Poltergeists: Week of January 26, 2015

Poltergeists is a biweekly feature in which Michael and Wes share tracks that they have had on repeat over the past two weeks.


Musk Ox - “Part 1 - Earthrise”

I have been incredibly stuck on this track, and album for that matter, recently. I have tried to go to other artists but for some reason this song really fits the foggy lines that winter leaves as it pushes its way through the season. I think that it is romantic and moving to say the very least. I feel the same way about Disemballerina, who are from Portland. The music is so emotionally driven with so few instruments.

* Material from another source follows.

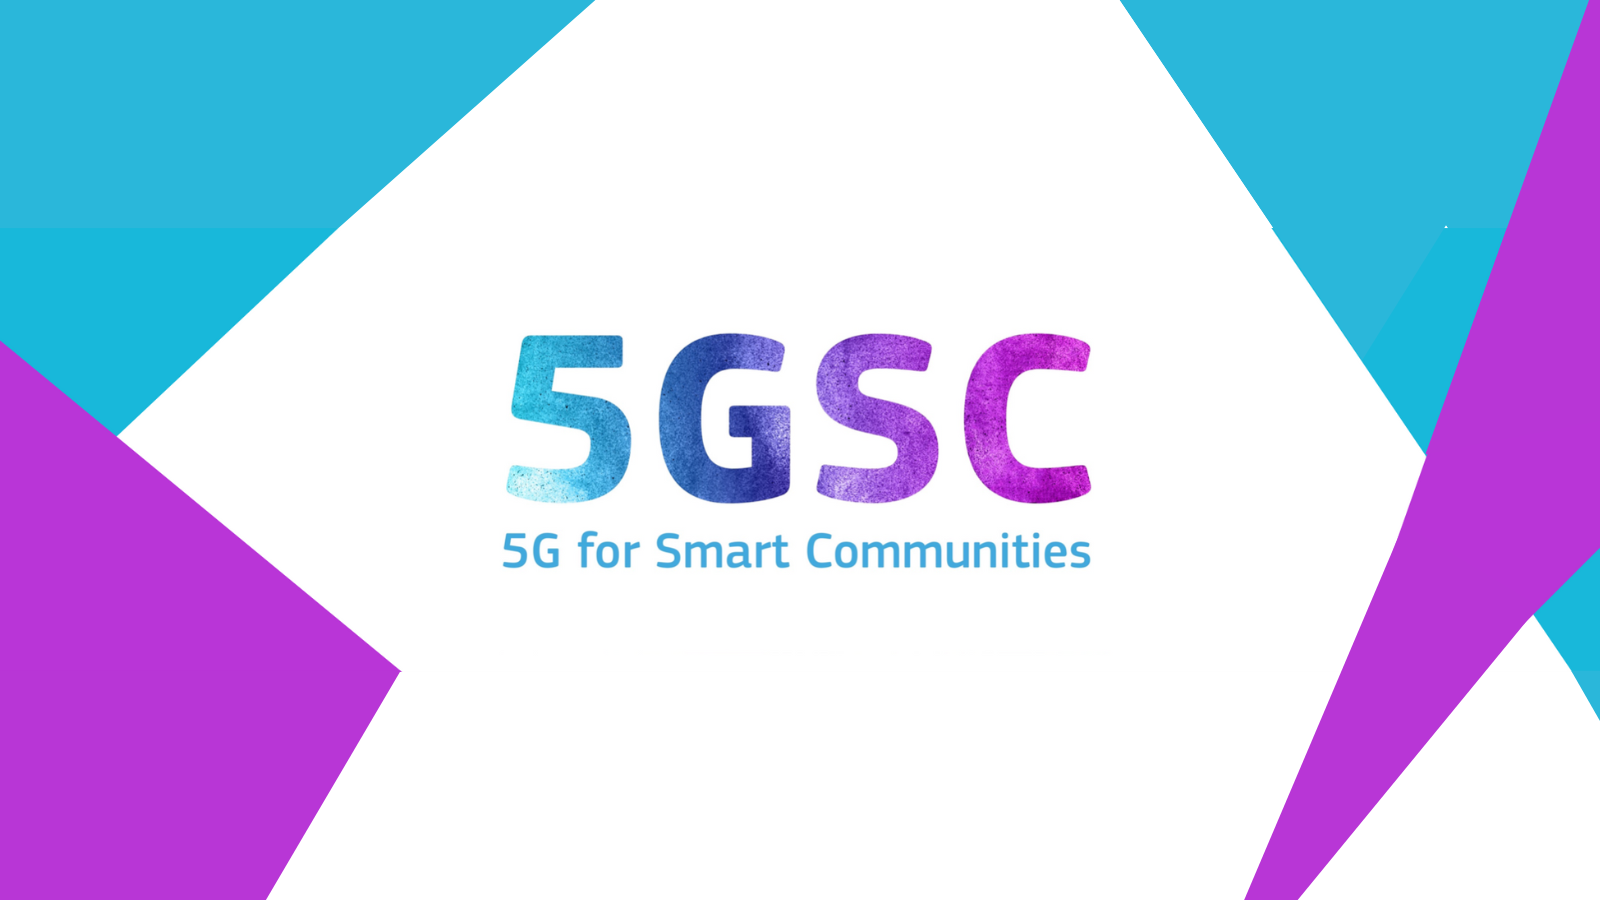 5G for Smart Communities Support Platform Launches Insight Consultation for Third Call

Disemballerina - “Sundowning”

Speaking of Disemballerina! “Sundowning” is from their latest album Undertaker, and has a lot of meaning behind it. According to the bandcamp description of the song, “Sundowning” is a form of dementia that is unique to Alzheimer’s patients, and the sample that bookends this song is a cell phone recording of the death rattle of a close friend (a clicking, sometimes gurgling sound often heard in the last few moments of life which is caused by saliva build up in the throat as you begin to lose the ability to swallow). These elements, along with the rise and fall of guitar, viola, and cello, make this song extremely emotional.

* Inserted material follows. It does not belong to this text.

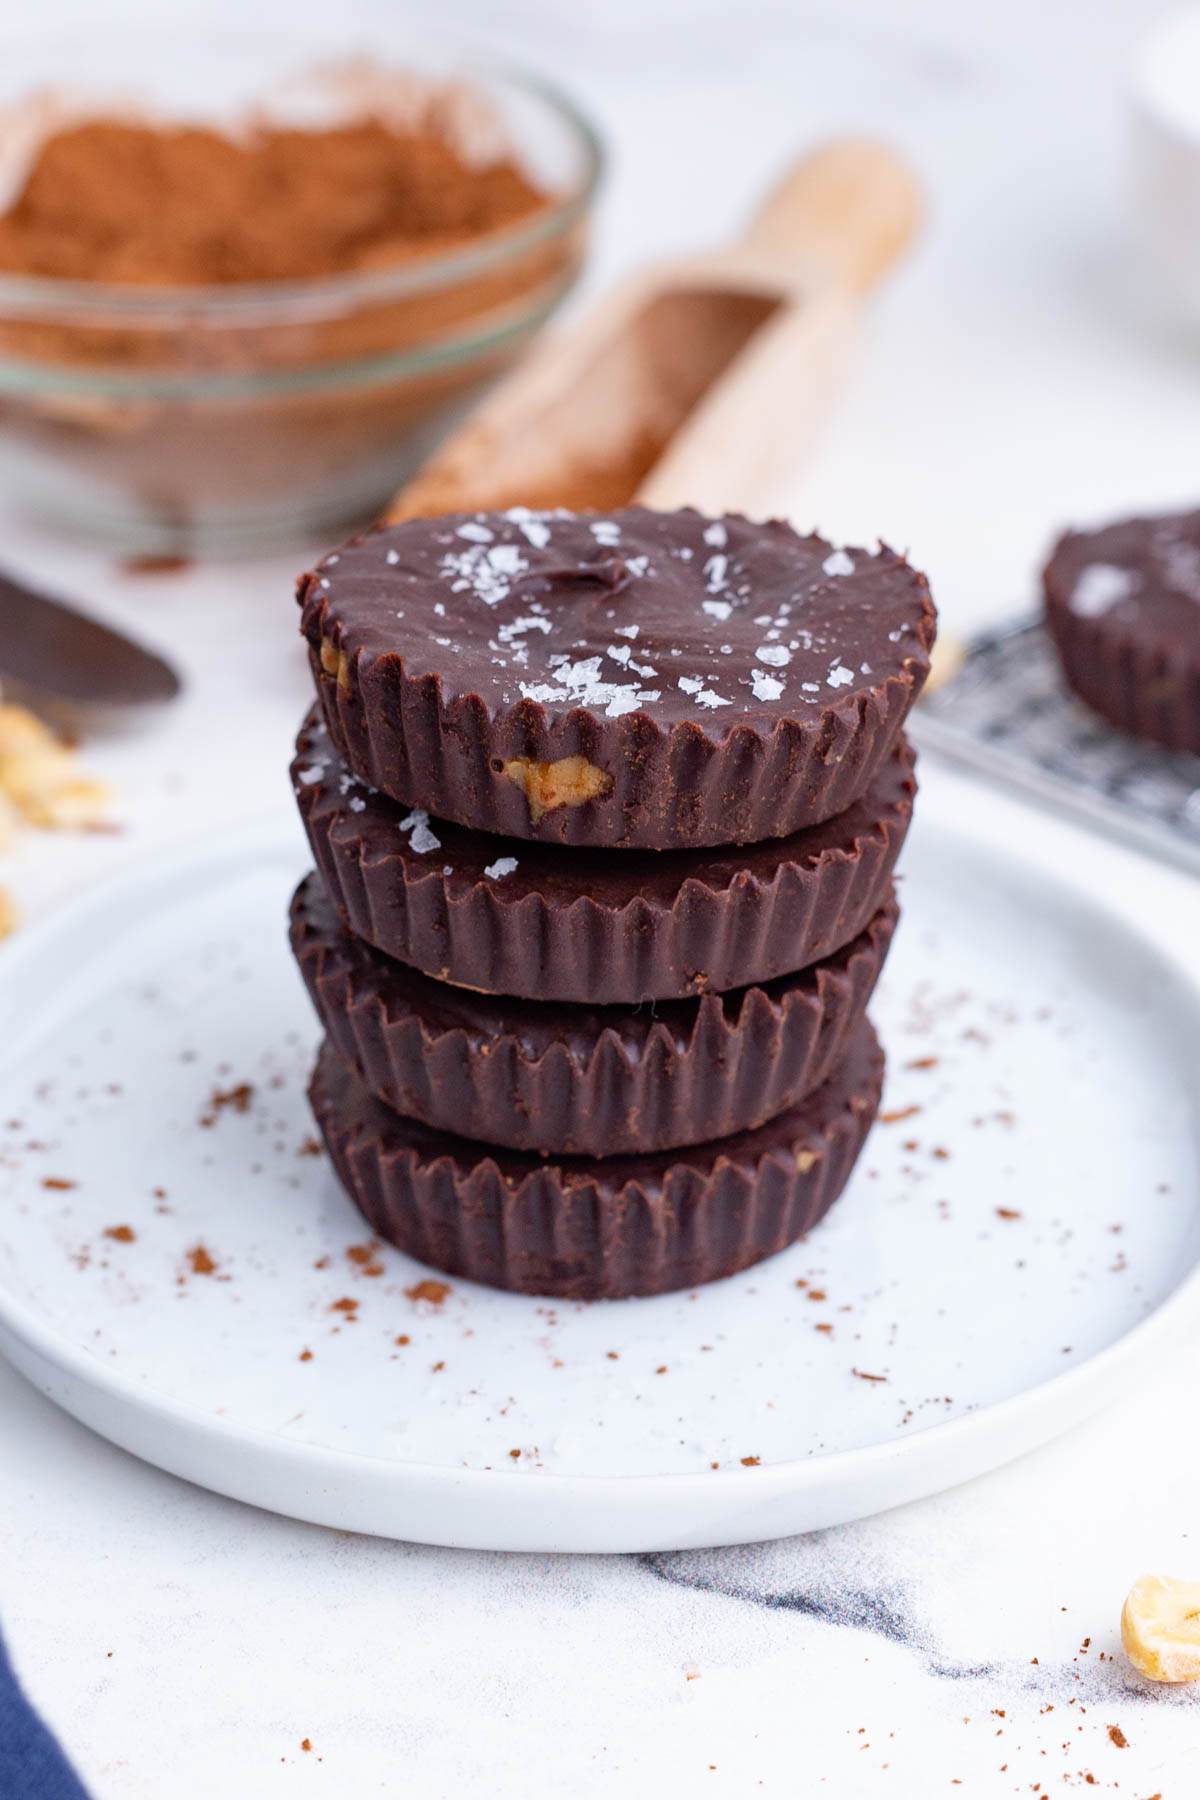 Chocolate peanut butter cups are topped with course salt.

Timeghost - “Dissection Theater”

There’s a lot of noise out there that I just can’t dig on. Often, I find noise artists who are squelching some feedback through a delay pedal at uncomfortably high frequencies, and then sitting back and telling me that the point is that I’m not supposed to like it; I’m not supposed to be comfortable.

Timeghost expertly shows these people that discomfort doesn’t have to mean unlistenable. “Dissection Theater” pulls itself along as though it is withdrawing itself from the listener; it builds anticipation before slamming down on gabbed out kicks. It utilizes and, more importantly, harnesses uncomfortable high frequencies to cut through and create moments of tension, while staticky shuffles and a morphing bass do the song’s heavy lifting, accented by errant blips and heavily modulated vocals. Harsh noise artists take note: this is how you use discomfort.

Pharmakon - “Bestial Burden”

This track gets pretty repetitive. That repetition works well to create this weird, almost hypnotic sort of feeling, where you start to feel like you’re being pulled into the song. The vocals start out almost spoken word; they are adorned only by a sort of delay. They quickly fall into a pattern of repetitive talking and screaming that mirrors the repetitiveness of the percussion and bass. Soon, the song loses its lull, its sense of pulling in. The repetition becomes aggressive, and rather than bringing you in, it comes at you; it attacks, and pushes you back. “Bestial Burden” is another great example of how to use discomfort as a tool.